Geometric Interpretation of Determinant of Transpose
Solution 1:
Write $A$ as a product of the form $E_1E_2\cdots E_kDF_1F_2\cdots F_\ell$, where each $E_i$ (resp. $F_j$) is an elementary matrix corresponding to row (resp. column) switching or row (resp. column) addition, and $D$ is a diagonal matrix. You are done if you can explain why
- $\det A=\det(E_1)\cdots\det(E_k)\det(D)\det(F_1)\cdots\det(F_\ell)$ and
- the determinant of each elementary matrix is equal to the determinant of its transpose.
But these are essentially what motivate the definition of determinant: we want to define the determinant as the volume of the parallelepiped generated by the columns of a matrix. Shears do not change the volume (thus the determinant of an elementary matrix for row/column addition is $1$) and scaling in one direction changes the volume in the same proportion (thus $\det D$ is the product of $D$'s diagonal entries).
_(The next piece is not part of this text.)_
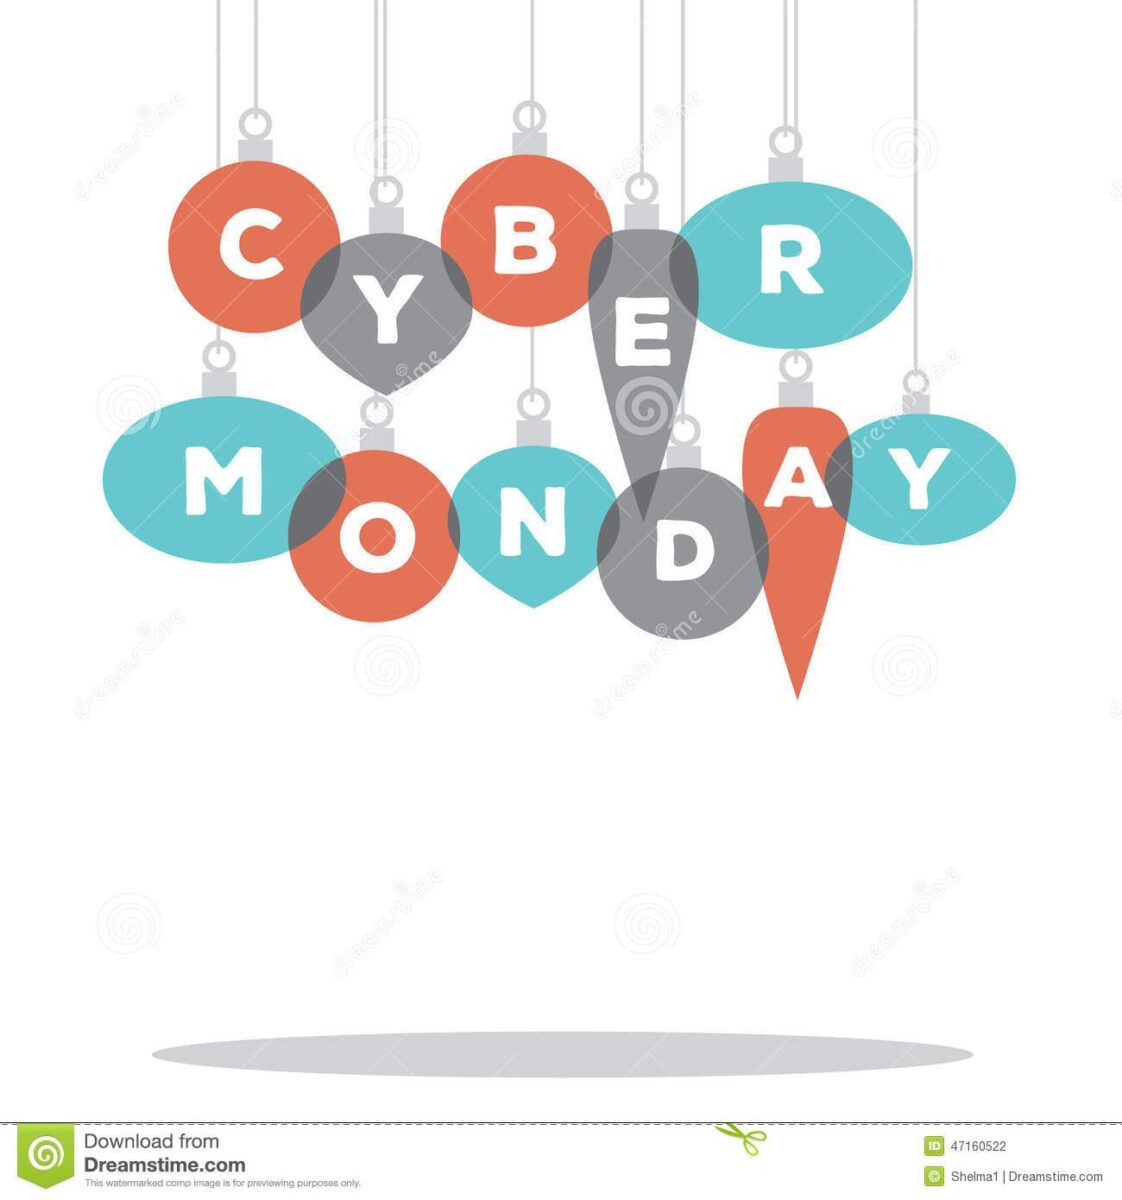 cyber-monday-spelled-christmas-ornaments-eps-illustration-47160522

Since we want to define the volume as zero in the degenerate case, it follows that together with the previous two requirements, the volume must be signed and by flipping two columns, the sign flips too (thus the determinant of an elementary matrix for row/column switching is $-1$).
Solution 2:
To prove that the two (generalized) volumes are equal is going to require some algebra -- I don't see a way around that (because the transpose is defined algebraically). This proof doesn't require the use of matrices or characteristic equations or anything, though. I just use a geometric definition of the determinant and then an algebraic formula relating a linear transformation to its adjoint (transpose).
Consider this as the geometric definition of the determinant. If $I$ is the unit $n$-cube in $\Bbb R^n$, then we can define the determinant of a linear transformation $T$ as $$\underline T(I)=\det(T)I$$ This formula tells us that the transformation $\underline T$ just scales the unit $n$-cube by its determinant.
For vectors, you might recognize that the adjoint (transpose), $\overline T$, of a linear transformation, $T$, is given by $$T(v)\cdot w = v\cdot \overline T(w)$$ However, $I$ is not really a vector, it's an object called an $n$-blade or $n$-vector. So we have to use the modified formula $$\langle\underline T(A)B\rangle = \langle A\overline T(B)\rangle$$ where $\langle M\rangle$ returns the scalar part of the multivector $M$.
So for us, it becomes $\langle\underline T(I)I\rangle = \langle I\overline T(I)\rangle$. On the LHS, we get $$\langle\underline T(I)I\rangle = \langle \det(T)I^2\rangle = \det(T)I^2$$ And on the RHS, we get $$\langle I\overline T(I)\rangle = \langle \det(\overline T)I^2\rangle = \det(\overline T)I^2$$ Therefore $$\det(T) = \det(\overline T)\ \ \ \ \square$$